Steel-jawed traps are “the number-one device that’s out there,” he said, while snare traps “are a primary tool used in addressing particularly coyote concerns that farmers have.”
Gooditis’ bill banning steel-jawed traps died on a 4-2 vote, while both of Ransone’s snare trap bills deadlocked and according to chamber rules are considered to have failed.
One snare trap proposal does remain alive: companion legislation to ban the use of such traps for game animals east of Interstate 95 during deer hunting season cleared the Senate earlier this week.
Also dividing the two chambers are proposals to allow Sunday hunting on some or all public lands, another issue that has been a regular point of contention in the General Assembly for decades. While a broad bill allowing hunting on Sundays on all public lands in the commonwealth passed the Senate with a 29-11 vote in January, a House proposal from Del. James Edmunds, R-Halifax, to permit Sunday hunting in wildlife management areas deadlocked before the subcommittee Wednesday.
Two other hunting bills that died before the House panel included a proposal from Del. Scott Wyatt, R-Hanover, to authorize the use of a .22-caliber centerfire rifle for deer hunting and one from Del. Mark Keam, D-Fairfax, prohibiting predator hunting contests for fur-bearing animals like coyotes, bobcats and foxes. (An amendment to the latter bill stripped out a prohibition on contests involving coyote, which is generally seen as a “nuisance animal” in Virginia.)
Matt Knox, who described himself as an “avid deerhunter” from Bedford County, opposed Wyatt’s bill. Knox said the change wasn’t necessary, given that “Virginia’s current .23-caliber regulation has been in place for the last 64 consecutive years with no problems or issues,” and warned it would result in “more wounded and crippled deer” in the state’s forests.
Virginia DWR “historically has said, ‘OK, well, you have to draw the line somewhere.’ And the .23 caliber and larger criteria has been in place for a long time and has served us well,” Brown told the subcommittee. “We just haven’t seen a reason to disturb the current standard.”
Keam’s bill to ban certain predator hunting contests focused on animals like foxes sparked more debate and left lawmakers again evenly divided on the question. According to Molly Armus of the Humane Society, at least a dozen such competitions occur annually in Virginia. Eight states have limited such activities.
Such a prohibition would “hopefully send … some message to the broader community out there that we welcome hunters, we welcome fishers, we welcome wildlife folks that want to come and enjoy it, but let’s be careful about what we do,” said Keam. “If it’s wildlife management, absolutely.
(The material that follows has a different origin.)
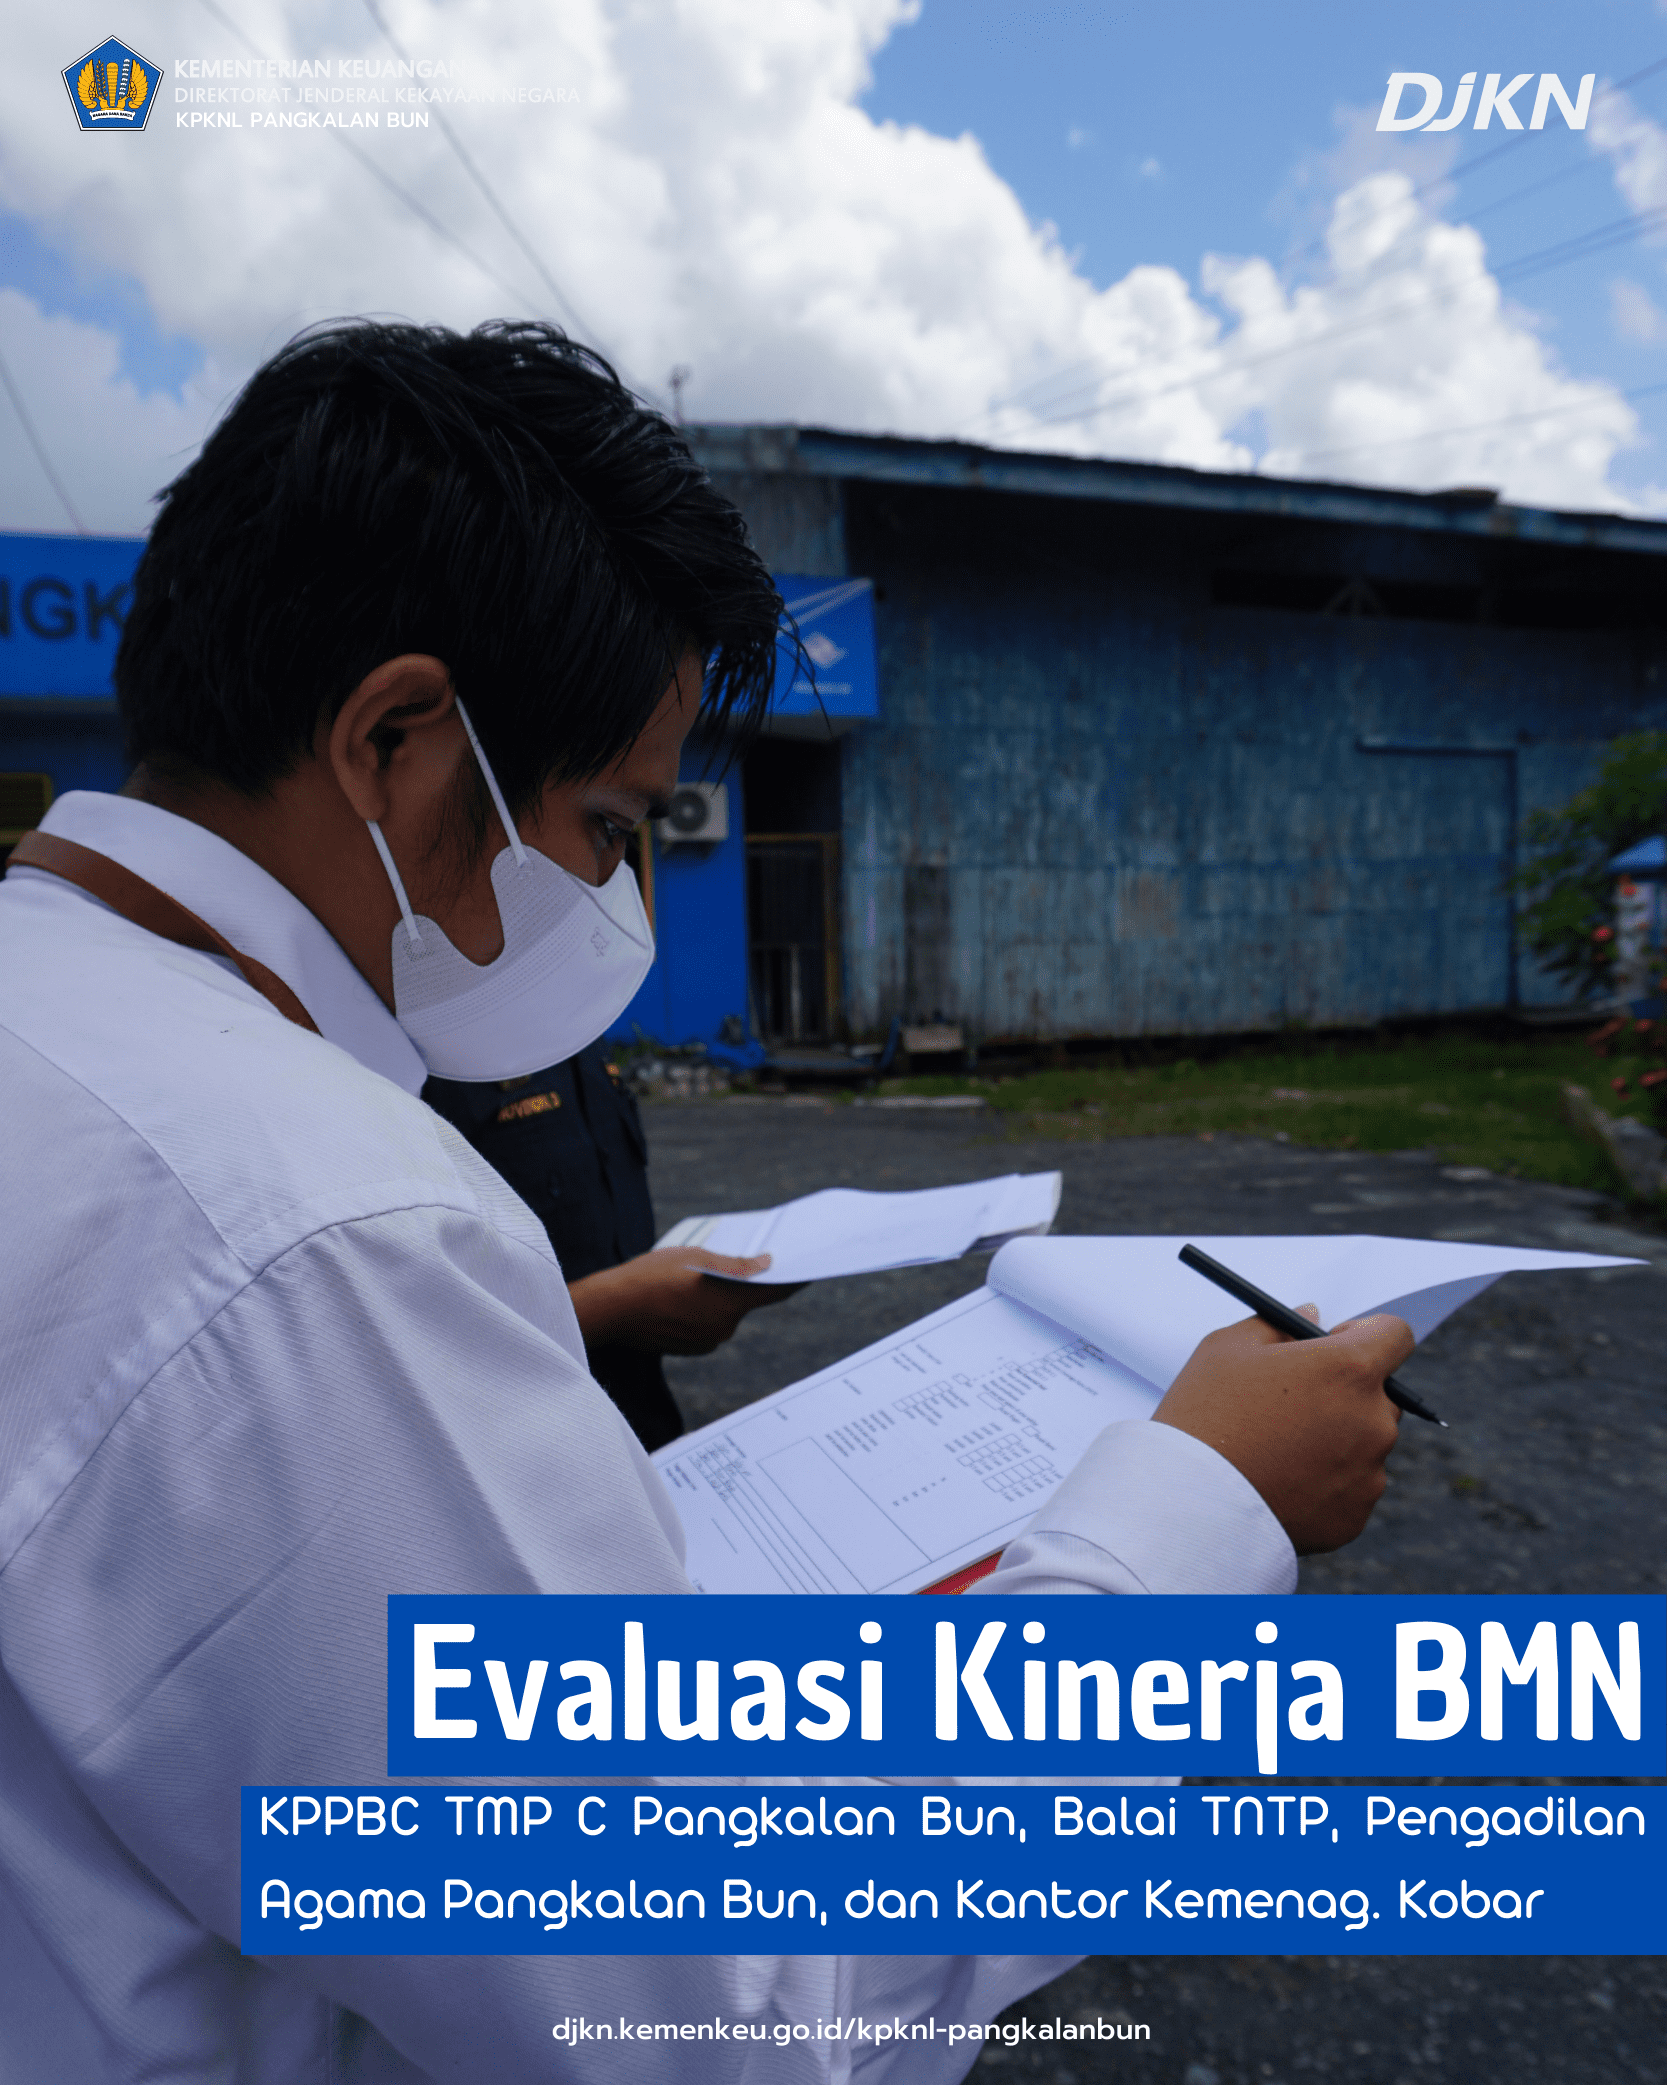 Evaluasi Kinerja BMN di Wilayah Kabupaten Kotawaringin Barat
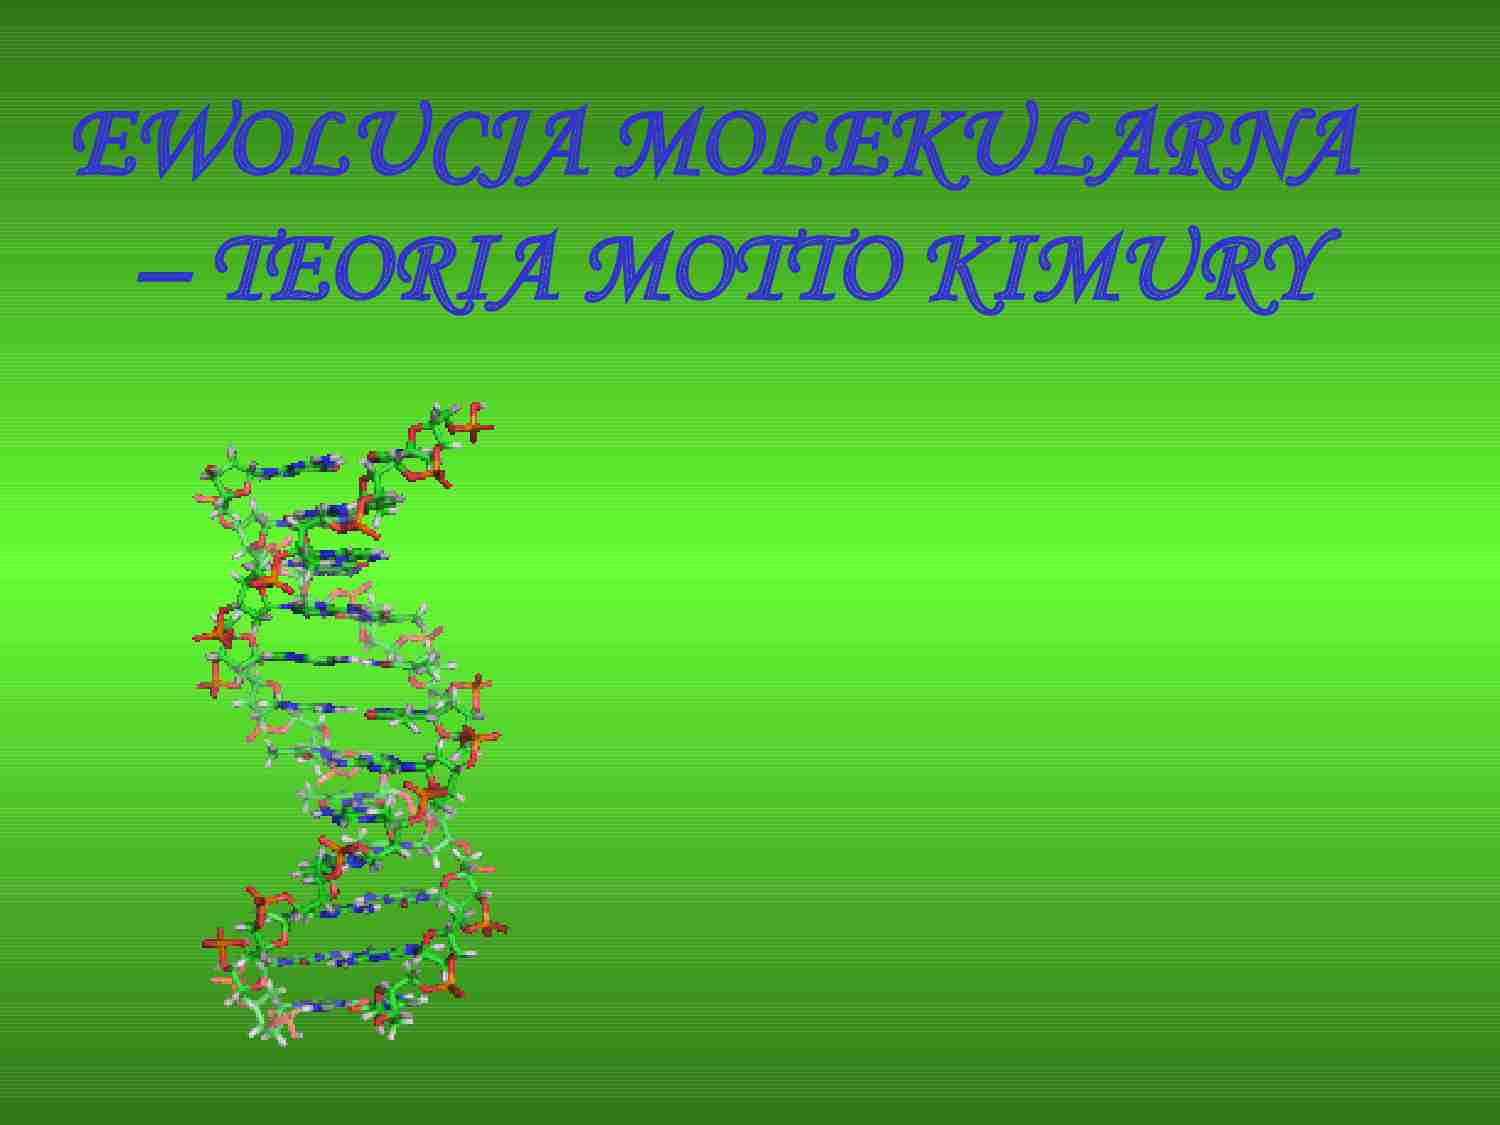 Ewolucja molekularna - ewolucjonizm - strona 1

But if it’s just purely for the fun of shooting animals and then leaving the carcasses all around, that’s the thing that we’re trying to limit and reduce.”
The idea faced opposition from not only hunting and agricultural groups, including Virginia Farm Bureau, but DWR itself, with Brown saying a three-month agency review of the issue had not led to any recommendations for changes to the current system.
Edmunds sided with Democrats in supporting the bill, saying he “philosophically” had an issue with cash prizes being offered for the harvesting of non-nuisance animals. Nevertheless, the proposal died on a 3-3 vote.